New book continues Southwestern’s historic legacy, supplies how-to manual for text-driven preaching
Kyle Walker, vice president for student services at Southwestern Seminary, has written a new book titled Let the Text Talk: Preaching that Treats the Text on its Own Terms. Published by Seminary Hill Press, the book is an update and revision of Jeff Ray’s Expository Preaching, originally published in 1940, covering the why and how of text-driven preaching. The book is available at SeminaryHillPress.com here.
Below is a Q&A with the author on the purpose and significance of this work.
Q: Who is Jeff Ray, and why is an update of his work important?
A: Jeff Ray was a preacher. He pastored many churches and eventually became the first preaching professor at Southwestern Seminary. He taught approximately 5,000 men to preach over the course of his 37-year tenure as a professor (1908-1944).
Ray taught and advocated for expository preaching during a time when it was almost non-existent. He sought to remedy the paucity of expository preaching in part by publishing Expository Preaching in 1940. Ray intended the book to instruct the common man on how to perform expository preaching. Ray taught in the classroom, but he realized that so many men called to preach would never be in his classroom. Therefore, he wrote Expository Preaching for them.
Updating Expository Preaching continues the legacy Ray started at Southwestern. Rewriting this work adds Ray’s voice to the task of training text-driven preachers at Southwestern today. Let the Text Talk seeks to supply a basic how-to manual on text-driven preaching for both the classroom and those without seminary education.
Q: What is the meaning of the title “Let the Text Talk”?
A: Preaching is a theological task. It hinges on the nature of God and the nature of His Word. God is. God has spoken. God has called men to speak on His behalf. Therefore, preaching is proclaiming, explaining, illustrating, arguing, and applying what God has already said. The title Let the Text Talk attempts to capture this reality—the essence of preaching. Thus, true preaching is giving the text a voice. Preaching must let the text of God’s Word do the talking.
Q: What separates this book from other books on preaching?
A: Many homiletical how-to books are available. More specifically, there are many great volumes on expository preaching.
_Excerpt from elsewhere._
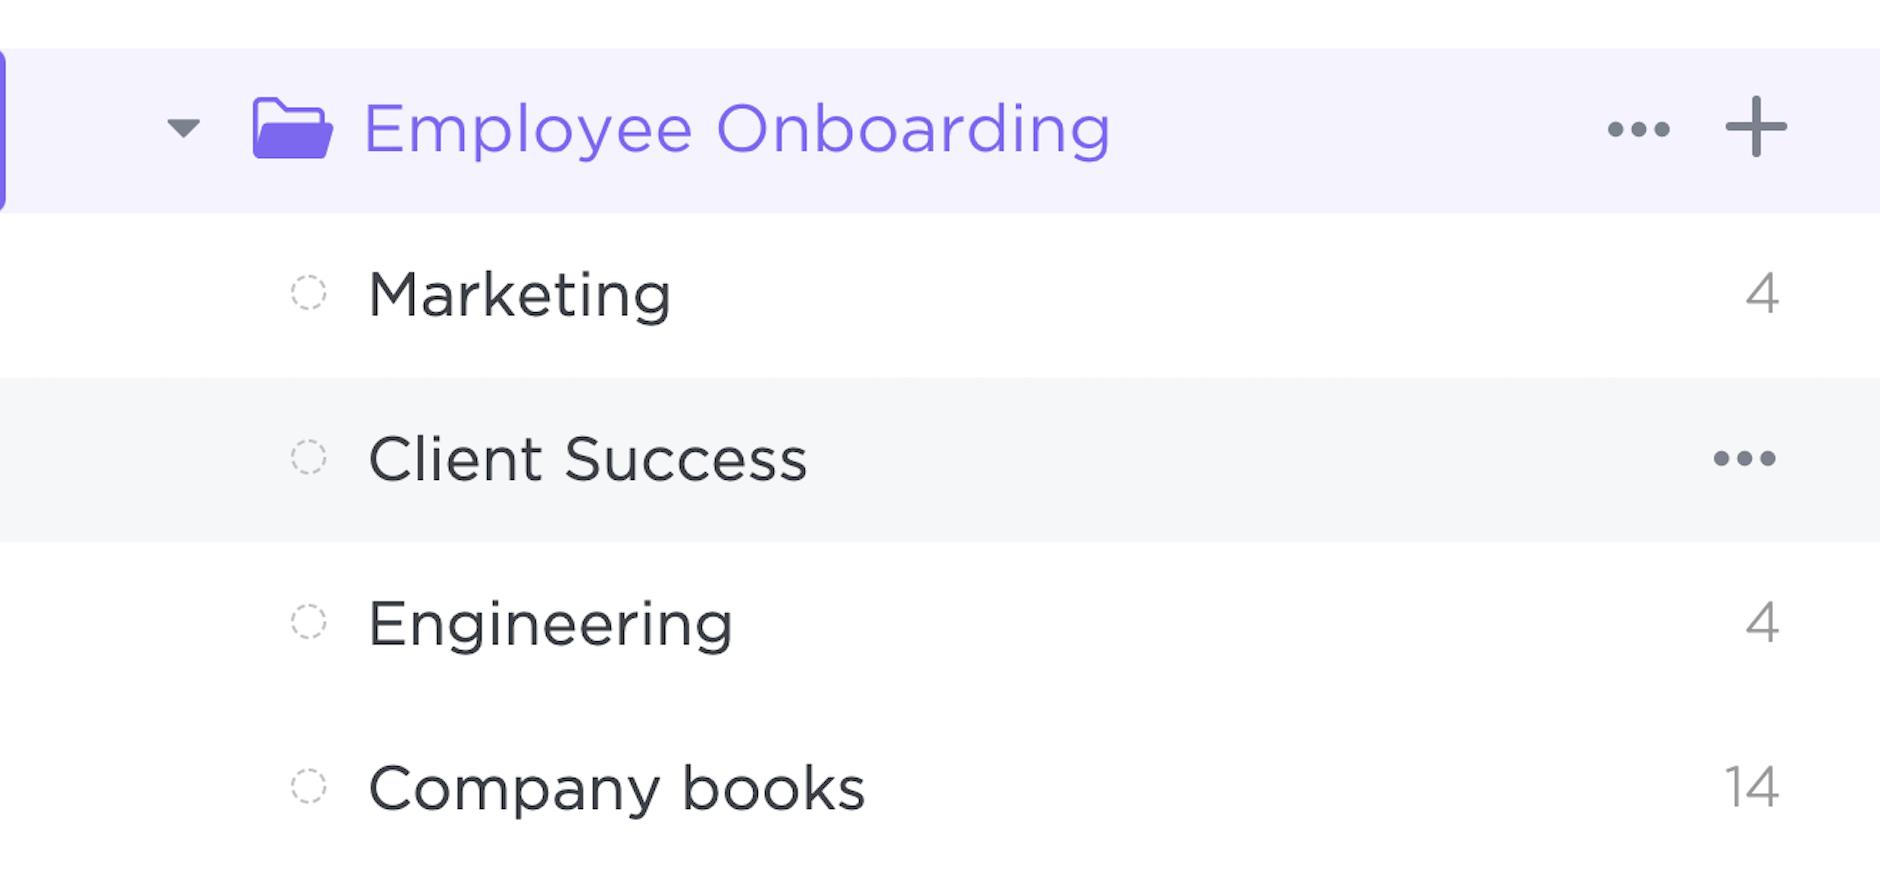 Employee Onboarding template Folder Lists

However, very few resources are available that exclusively teach the basic nuts and bolts of text-driven preaching. Expository preaching and text-driven preaching should be synonymous terms, but so often fail to be. So many of the nuances of text-driven preaching originate right here at Southwestern Seminary. A need existed to codify the basic instruction of text-driven preaching in one volume that would be useful in the classroom and beneficial to those without seminary education.
This volume is also distinct from others in that it provides a history of the development of exposition and text-driven preaching. Such a history should deepen the reader’s appreciation for this homiletical heritage. Furthermore, a knowledge of the origin and development of text-driven preaching serves to assist preachers in distinguishing true text-driven preaching from other varieties.
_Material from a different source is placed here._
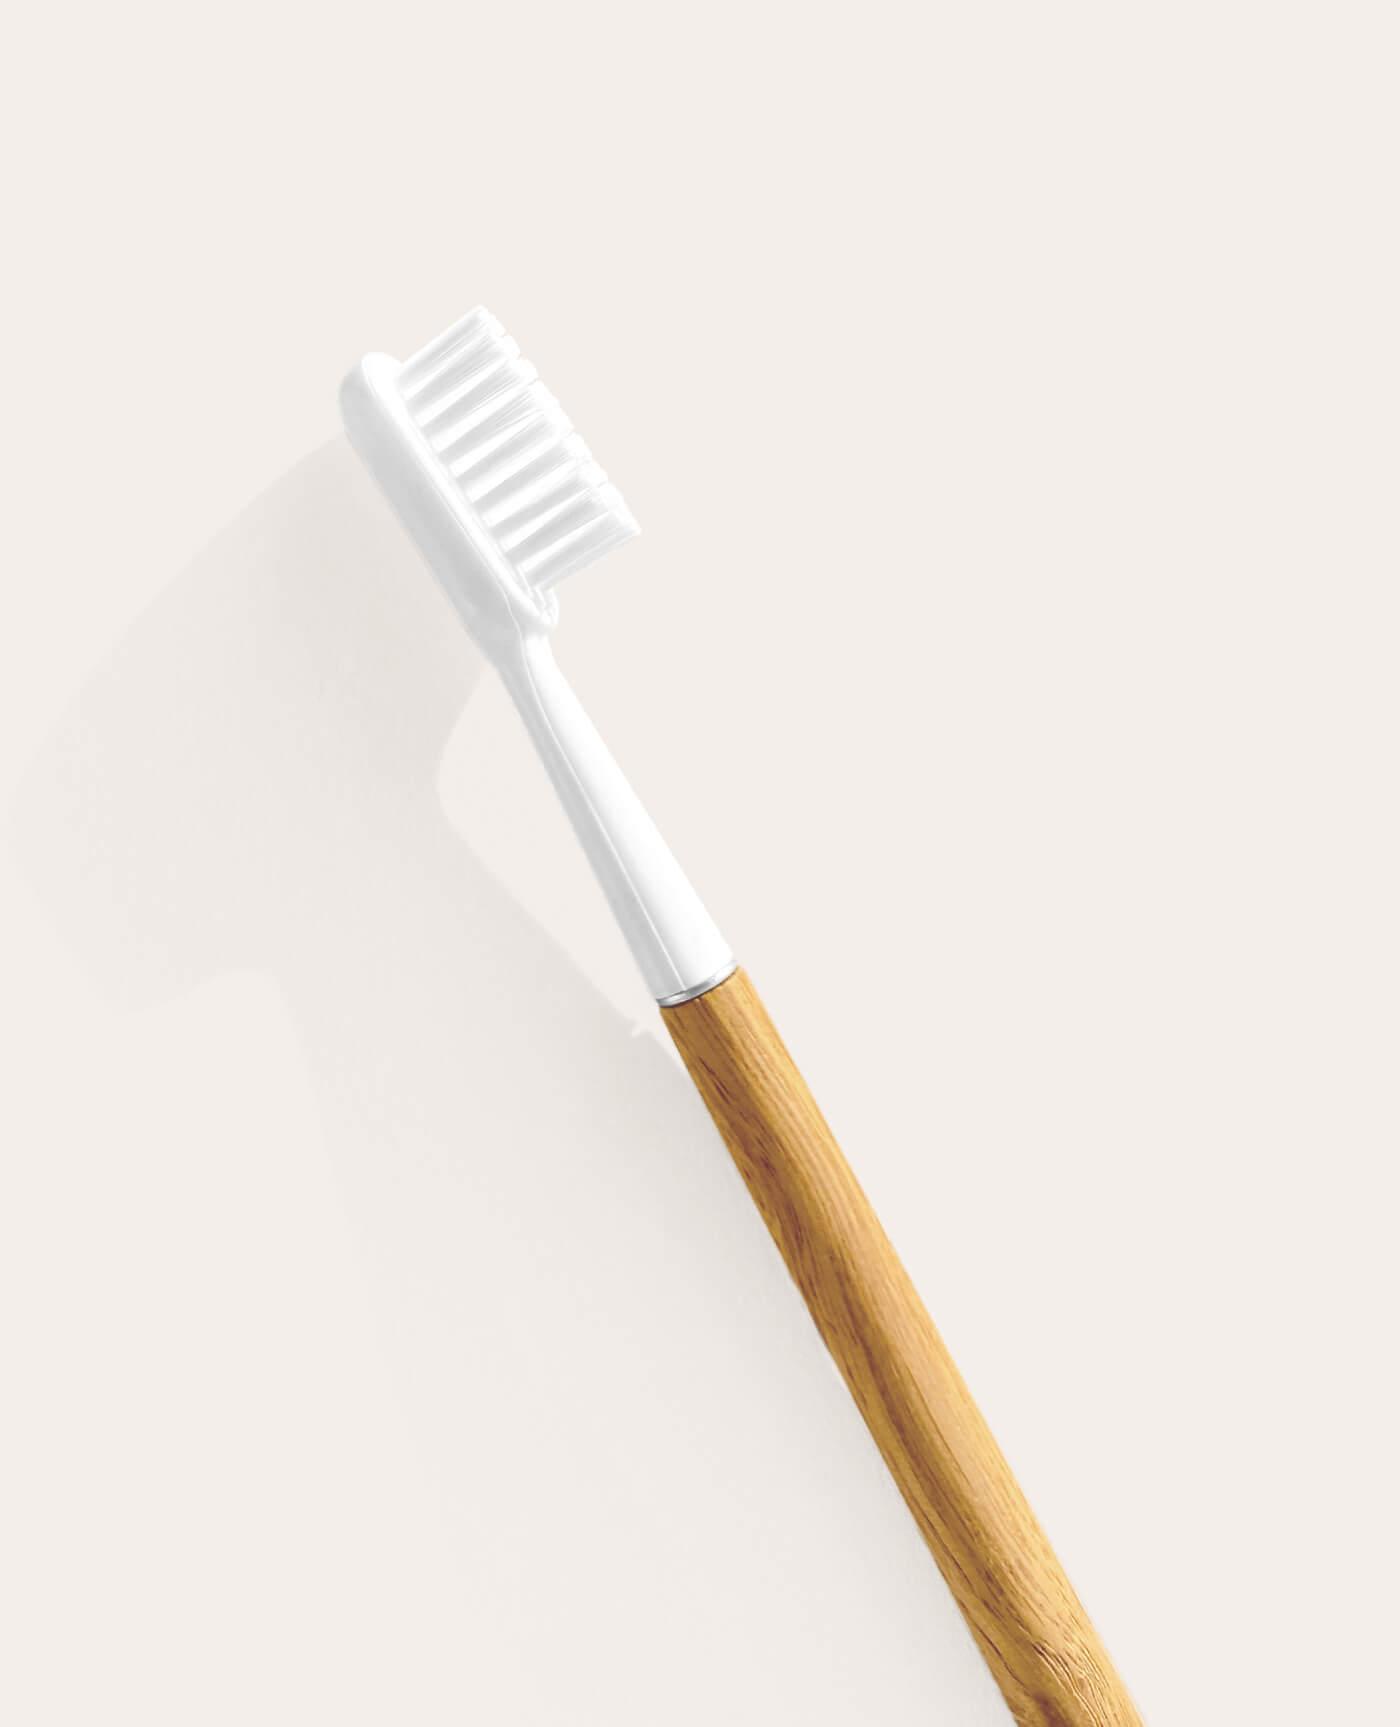 Brosse à dents rechargeable en chêne avec tête amovible de la marque Caliquo Made in France

Q: Whom do you hope will benefit from this book?
A: First, I hope preachers of all kinds, ages, and experience levels will benefit from this book. The book is designed to teach from scratch. However, it should also serve to refine further the skills of any preacher who desires to grow in his understanding and practice of text-driven preaching.
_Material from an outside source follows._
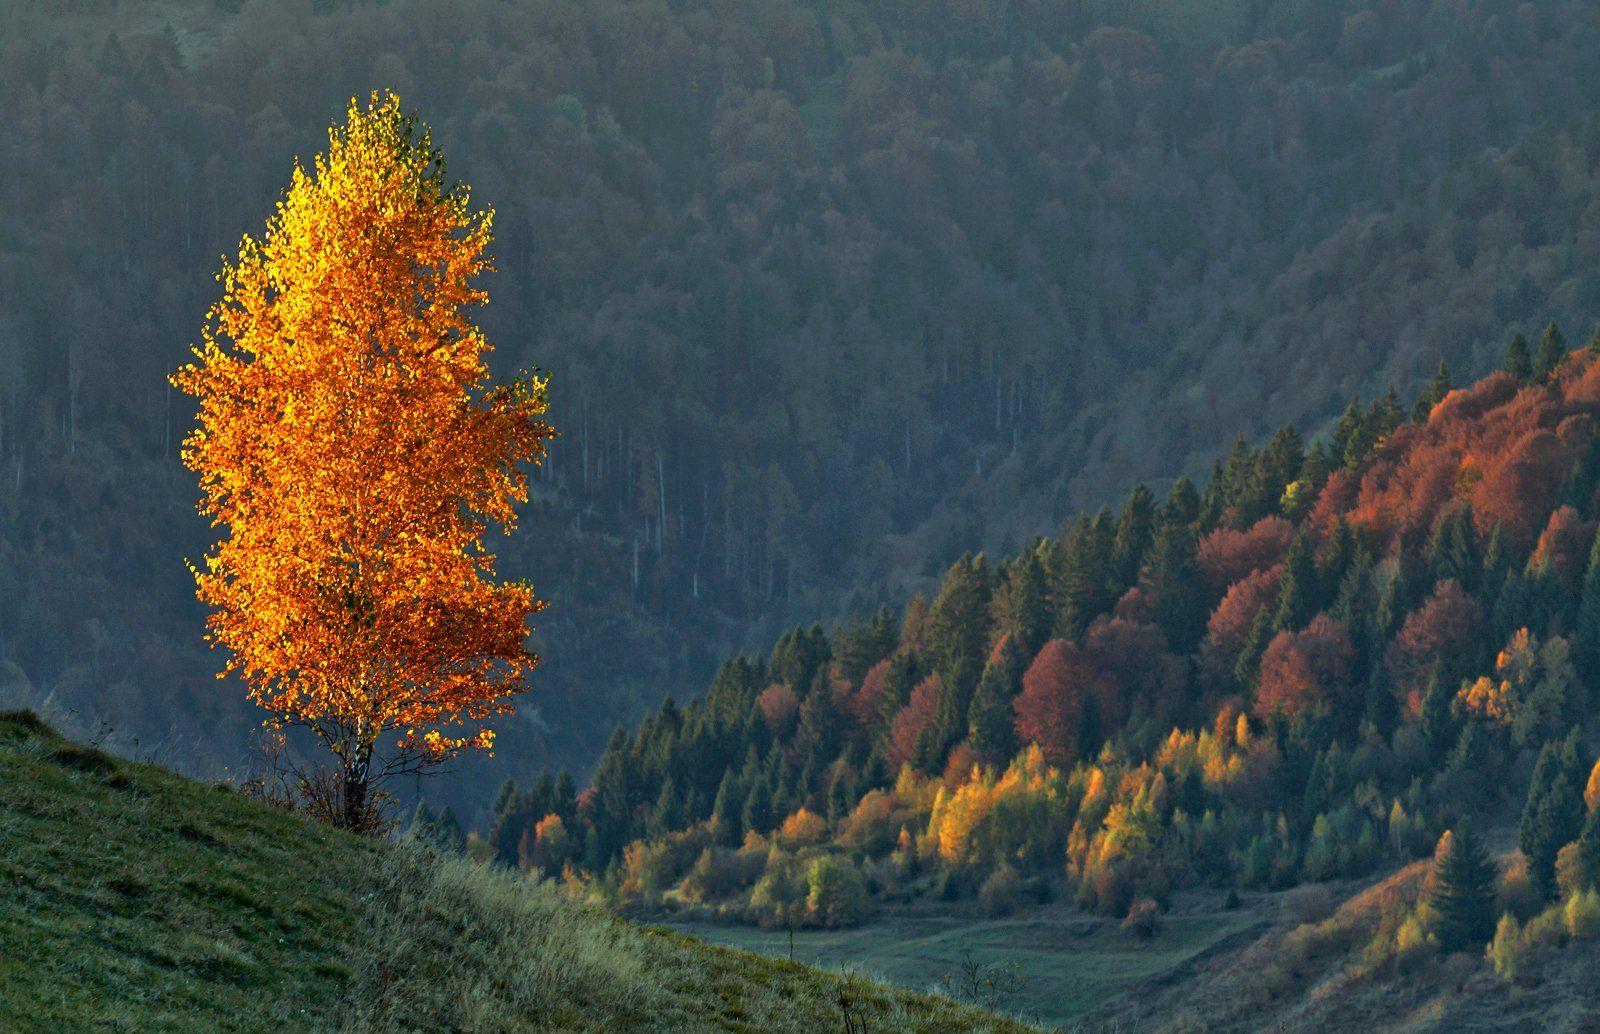 карпаты,осень, утро, горы, берёза, Михаил Глаголев

Second, I hope any Christian who desires to know how to handle God’s Word more accurately (2 Timothy 2:15) will benefit from this book. Yes, it is written primarily for preachers. Yet, Sunday School teachers, Bible study leaders, and anyone who reads God’s Word for their own instruction will benefit from this book.
Finally, I pray this volume serves the church—the pastor and the people. I pray it enriches the preaching within the local church. I pray it deepens the people’s understanding of what it means to divide rightly God’s Word according to the terms by which the Spirit inspired it. This will bring both individual and corporate benefit to the local church.